__Entries provided__.
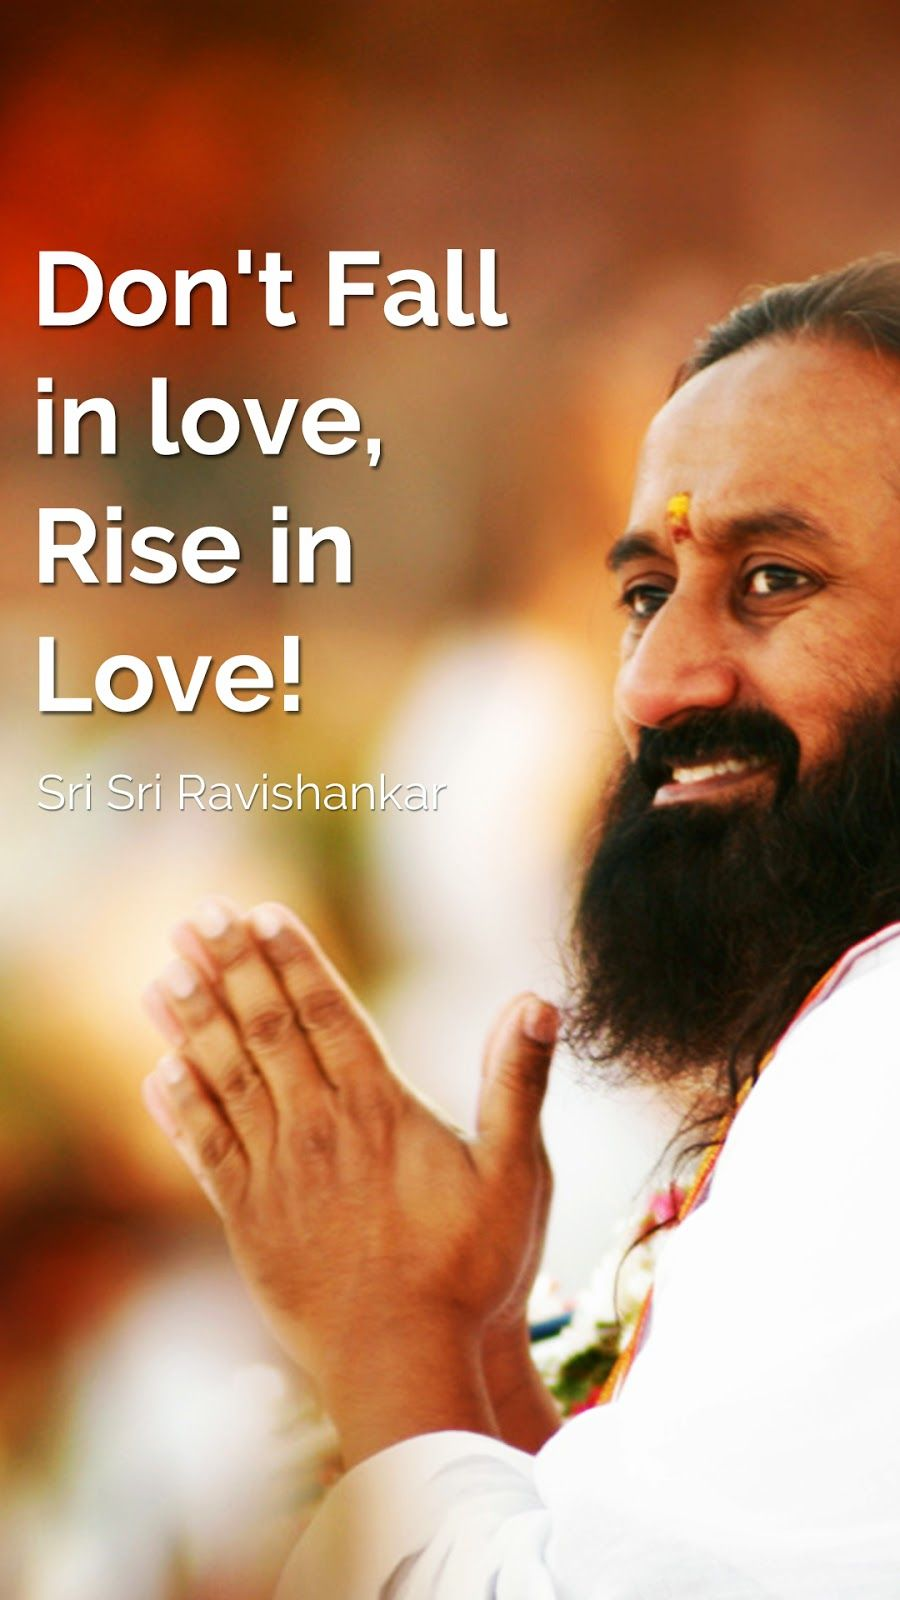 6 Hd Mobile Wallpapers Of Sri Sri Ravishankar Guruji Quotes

==

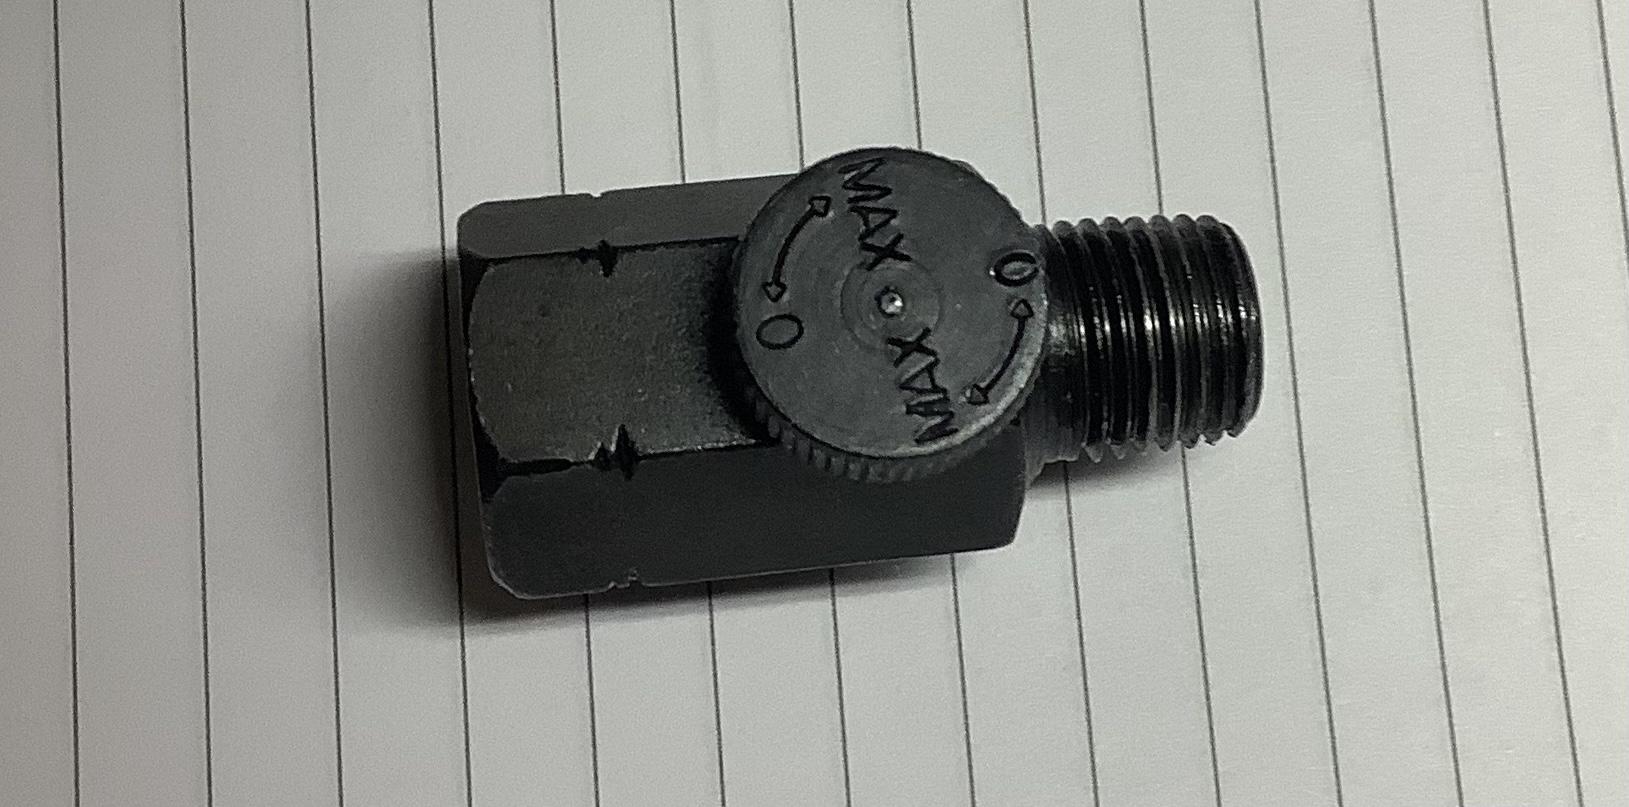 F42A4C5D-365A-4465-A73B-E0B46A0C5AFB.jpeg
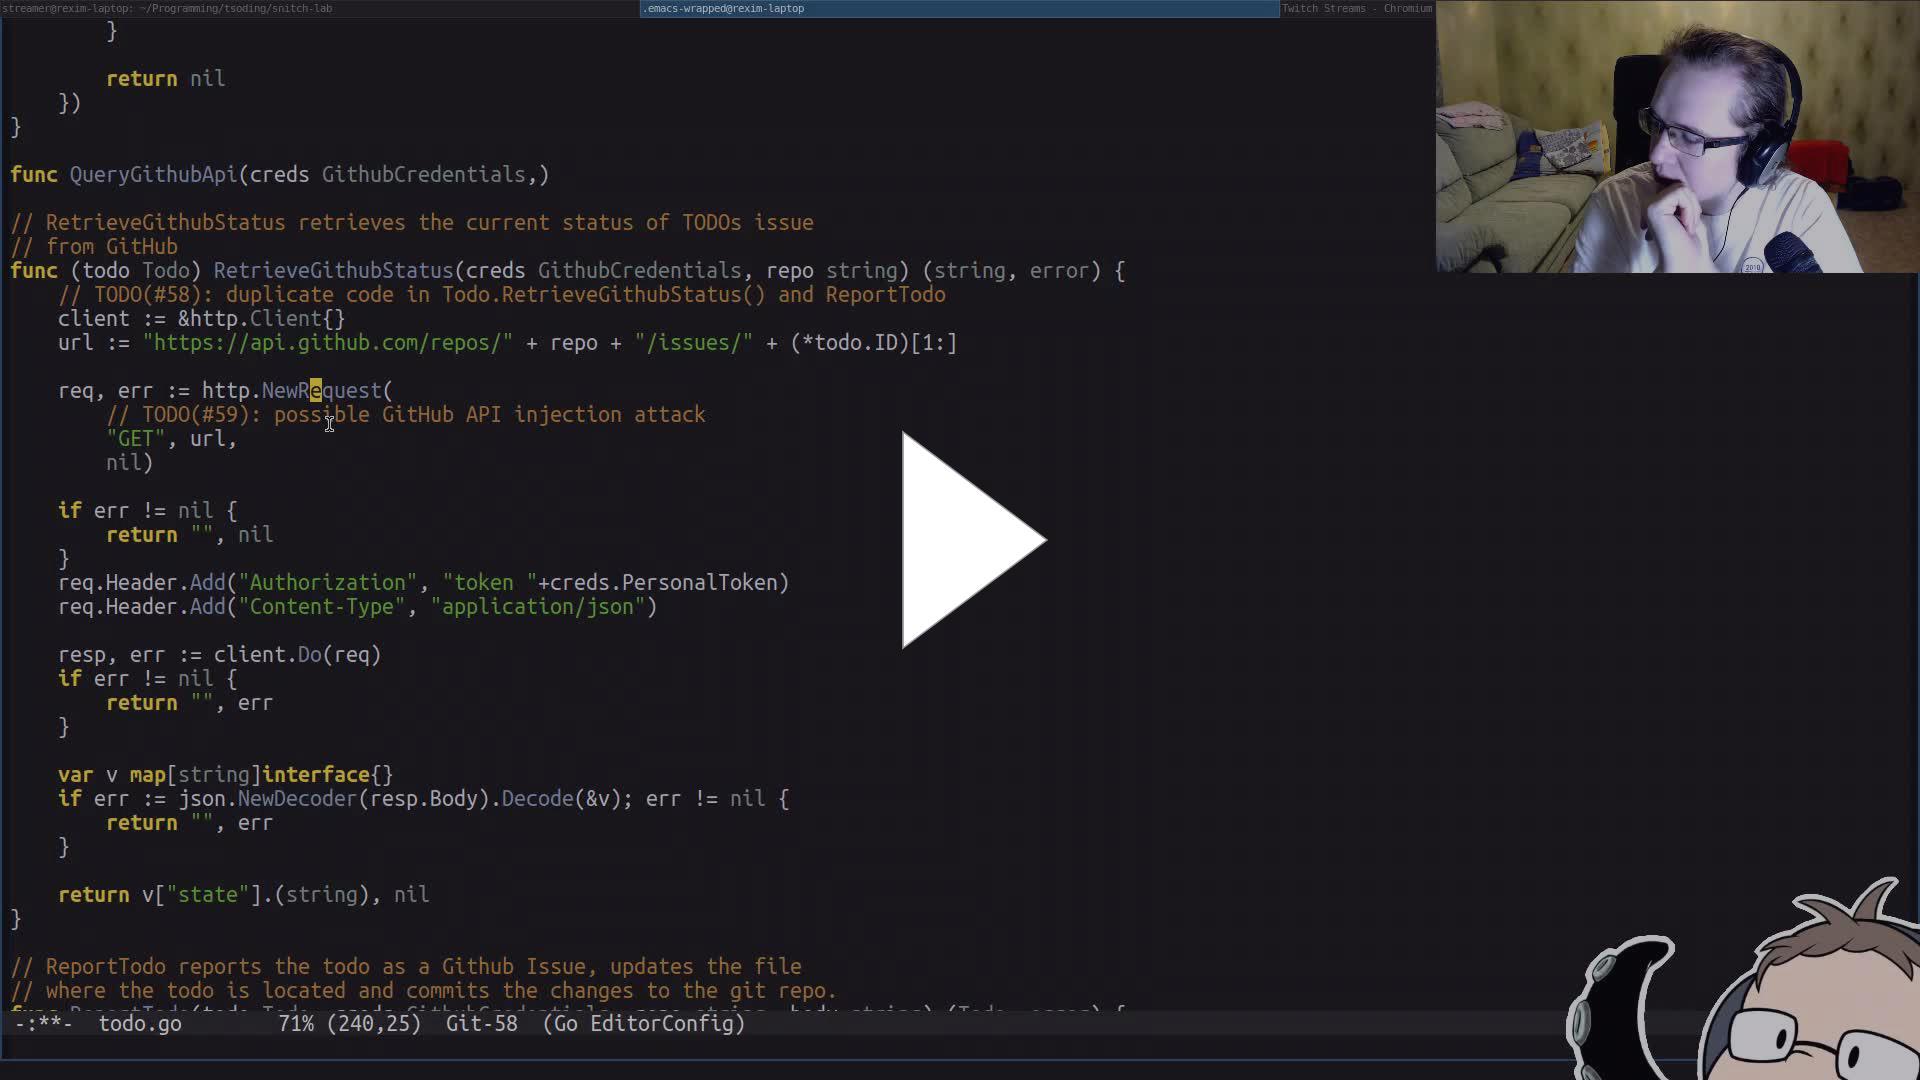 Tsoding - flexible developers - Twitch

--

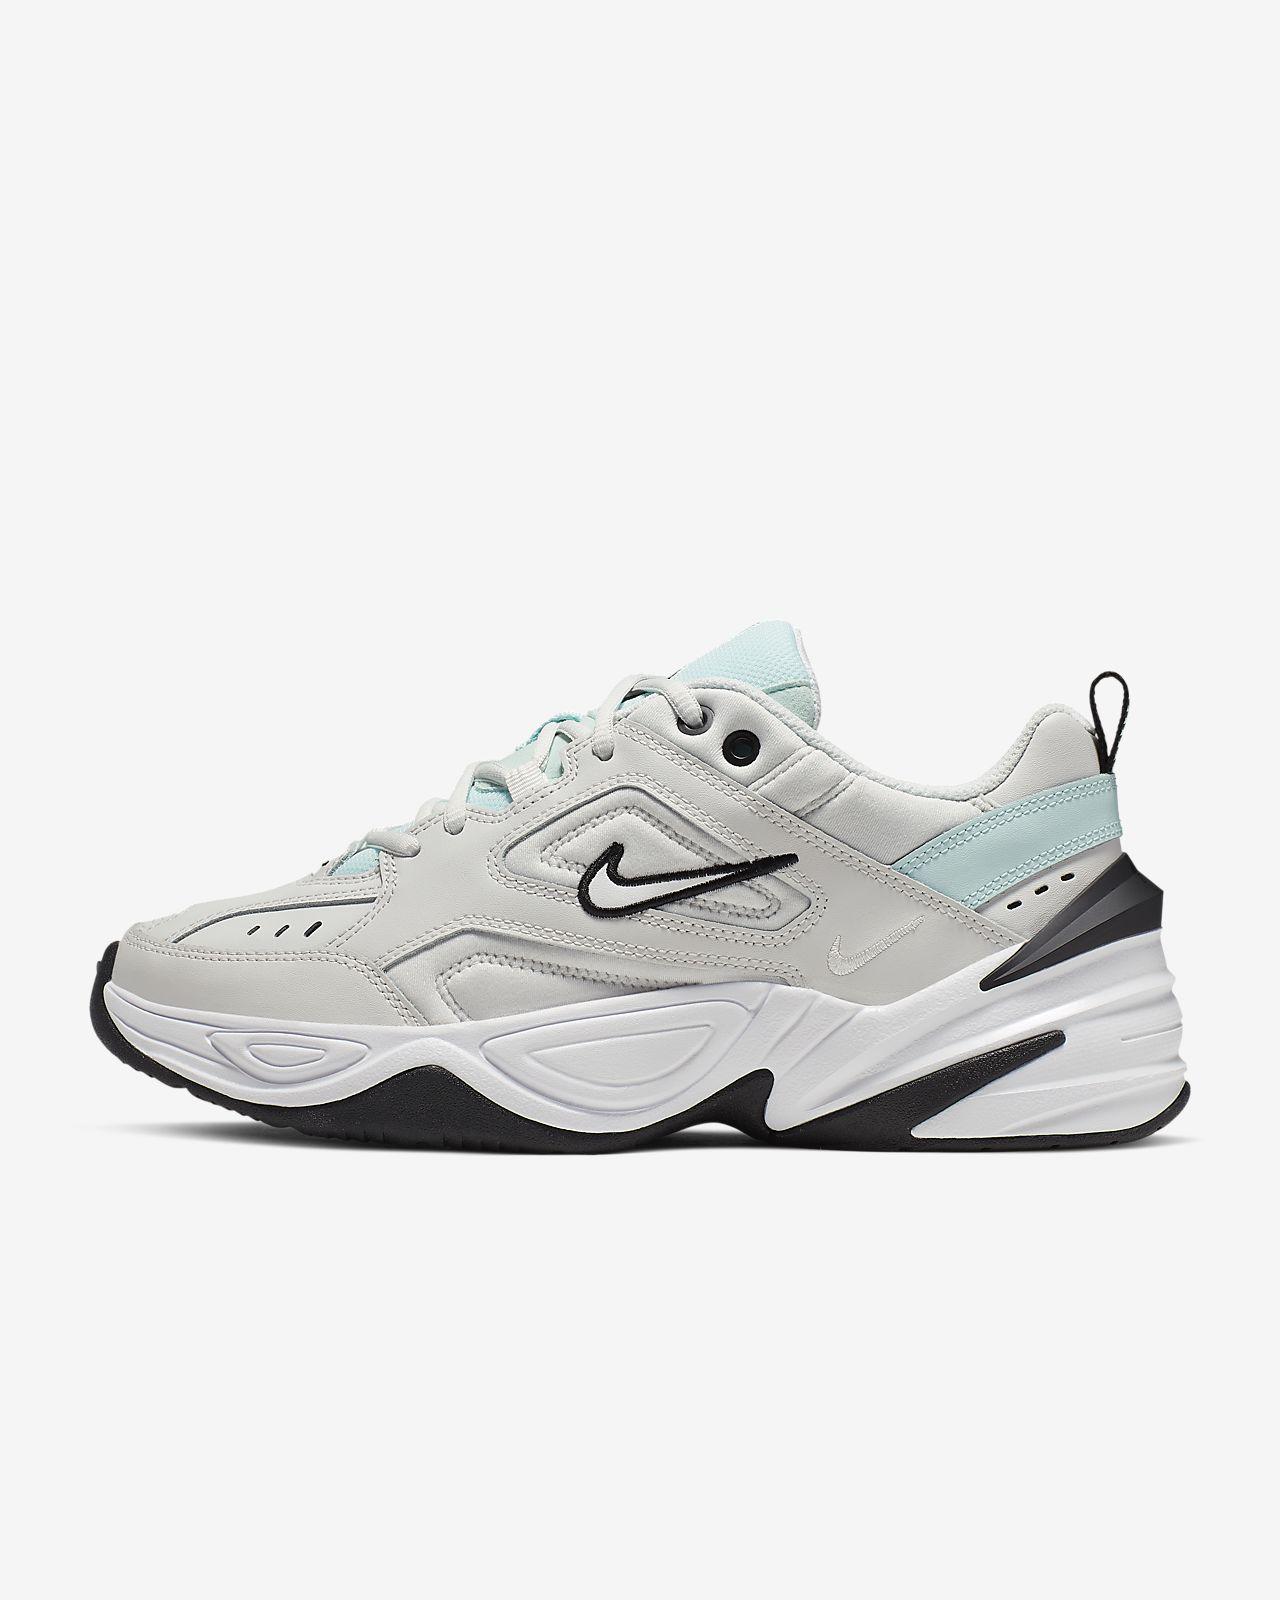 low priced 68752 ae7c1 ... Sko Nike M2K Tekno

__Exercise__.
Copy back exactly the lines above from the one containing "F42A4C5D-365A-4465-A73B-E0B46A0C5AFB.jpeg" through the one containing "Tsoding - flexible developers - Twitch", and leave every picture behind.

__Response to the task__.
 F42A4C5D-365A-4465-A73B-E0B46A0C5AFB.jpeg
 Tsoding - flexible developers - Twitch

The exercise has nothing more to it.